Monday, June 7, 2010

Frederick James Shields - Mary Magdalene



signed with monogram and dated '1879' (lower left, in a shield)
pencil and watercolour on paper
38½ x 21½ in.

Shields was a Manchester painter, watercolourist and decorator whose artistic career was determined when he saw the works of the Pre-Raphaelite Brotherhood at the Manchester Art Treasures Exhibition of 1857. He later became a close friend of both Rossetti and Ford Madox Brown.
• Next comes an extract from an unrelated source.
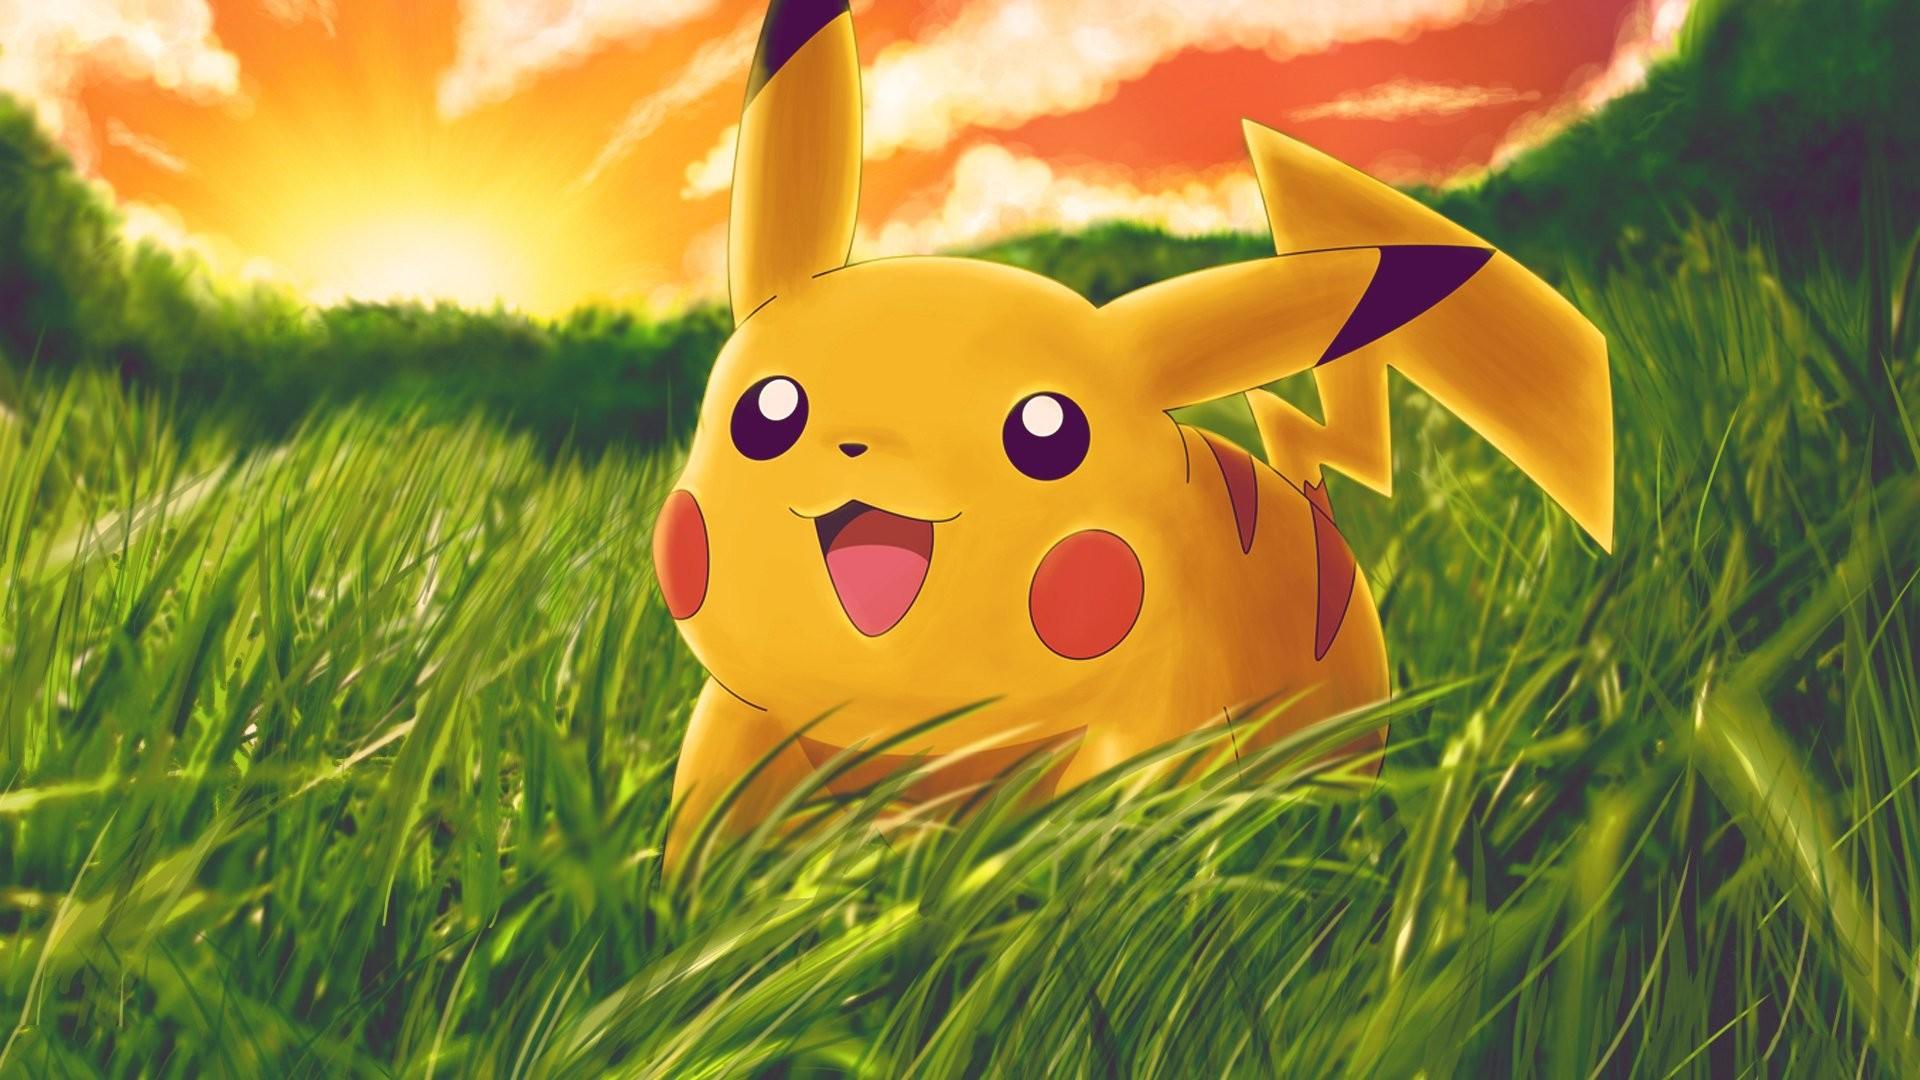 Pikachu Wallpaper 1920x1080 82 images 1920x1080
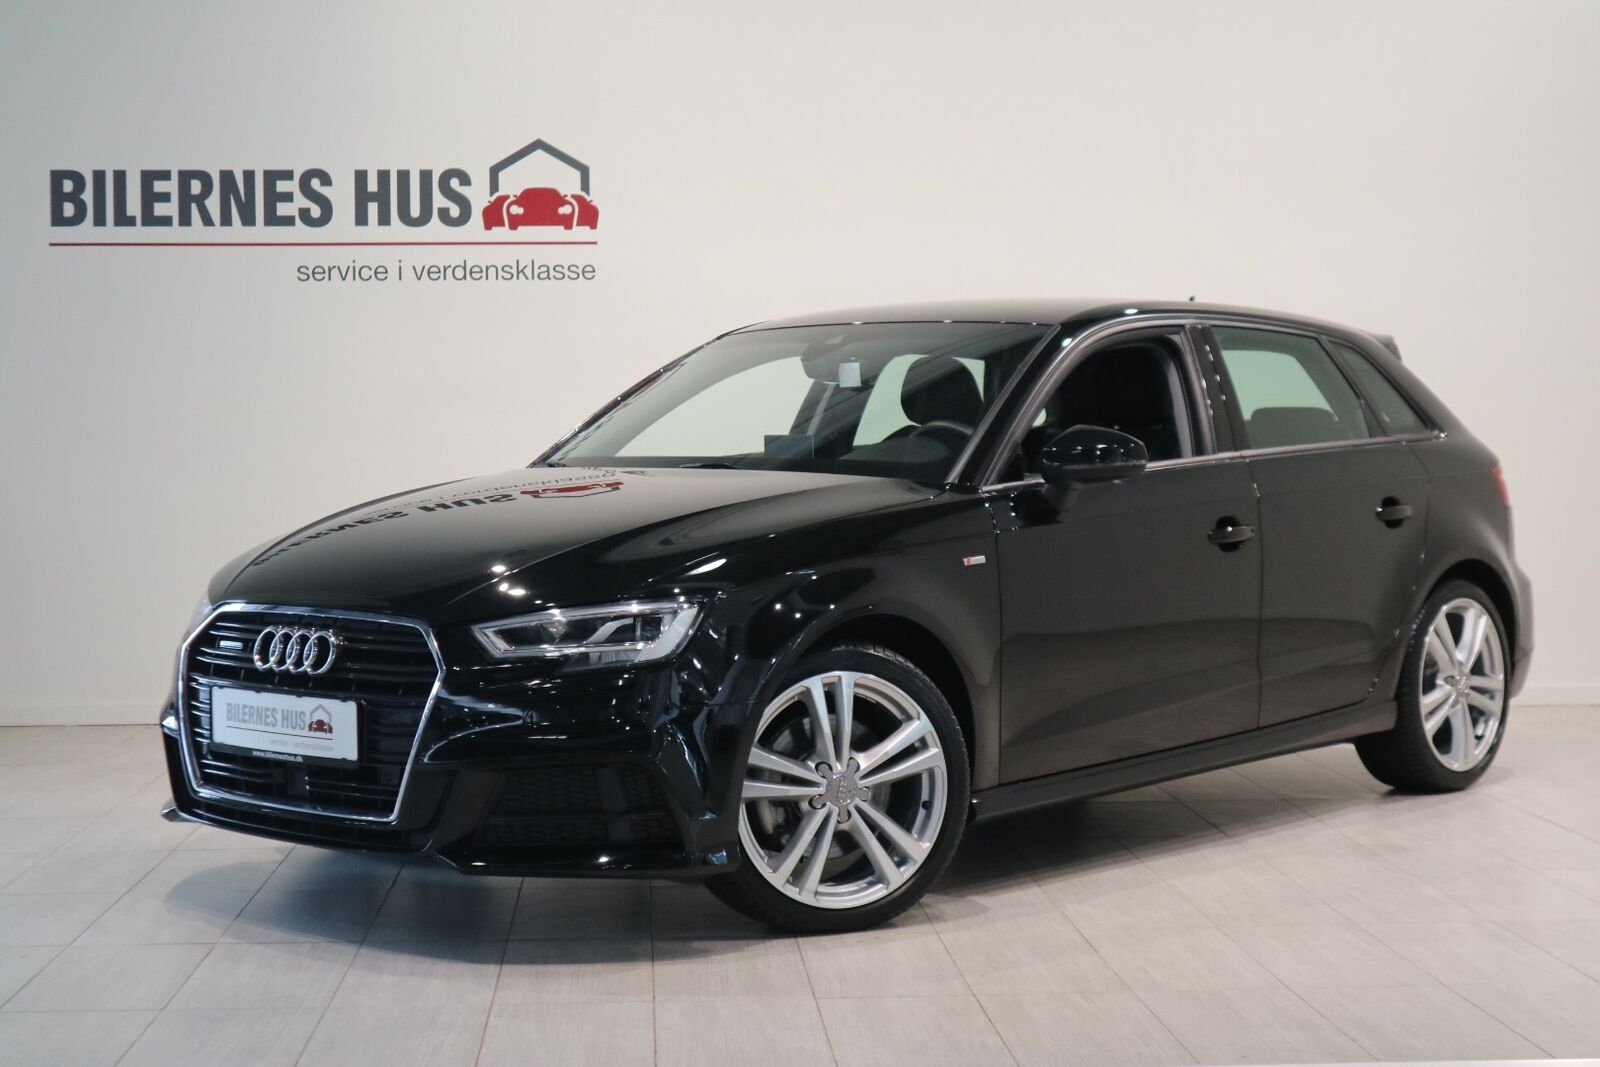 Audi A3 40 TFSi Limited+ Sportback quattro S-tr 5d - 344.900 kr.

His two most substantial commissions were mural decorations for the Chapel of Eaton Hall, Cheshire, and the Chapel of the Ascension, Bayswater Road, for which this striking and rather sensual watercolour was probably executed. The chapel was commissioned by Mrs Russell Gurney, widow of the Recorder of London, and designed by Herbert Horne in 1887 and although construction began in 1890, legal disputes ensured that it was not completed until 1910. Shields chose to decorate the interior with the principal scenes of Christ's Life and visited Italy in 1889 to gather material for the sequence. It was destroyed by enemy action during the Second World War.

We know that, for all his rather crabbed and prickly personality, Shields did respond intensely to female beauty. In 1874, at the age of forty, he married a very pretty but totally uneducated girl of sixteen, and proceeded, in true Victorian fashion, to try and turn her into a young lady. Indeed he also adopted her younger sister, Jessie. According to Ernestine Mills, his biographer, the early death of this 'very lovely girl' was 'a terrible grief' to the artist.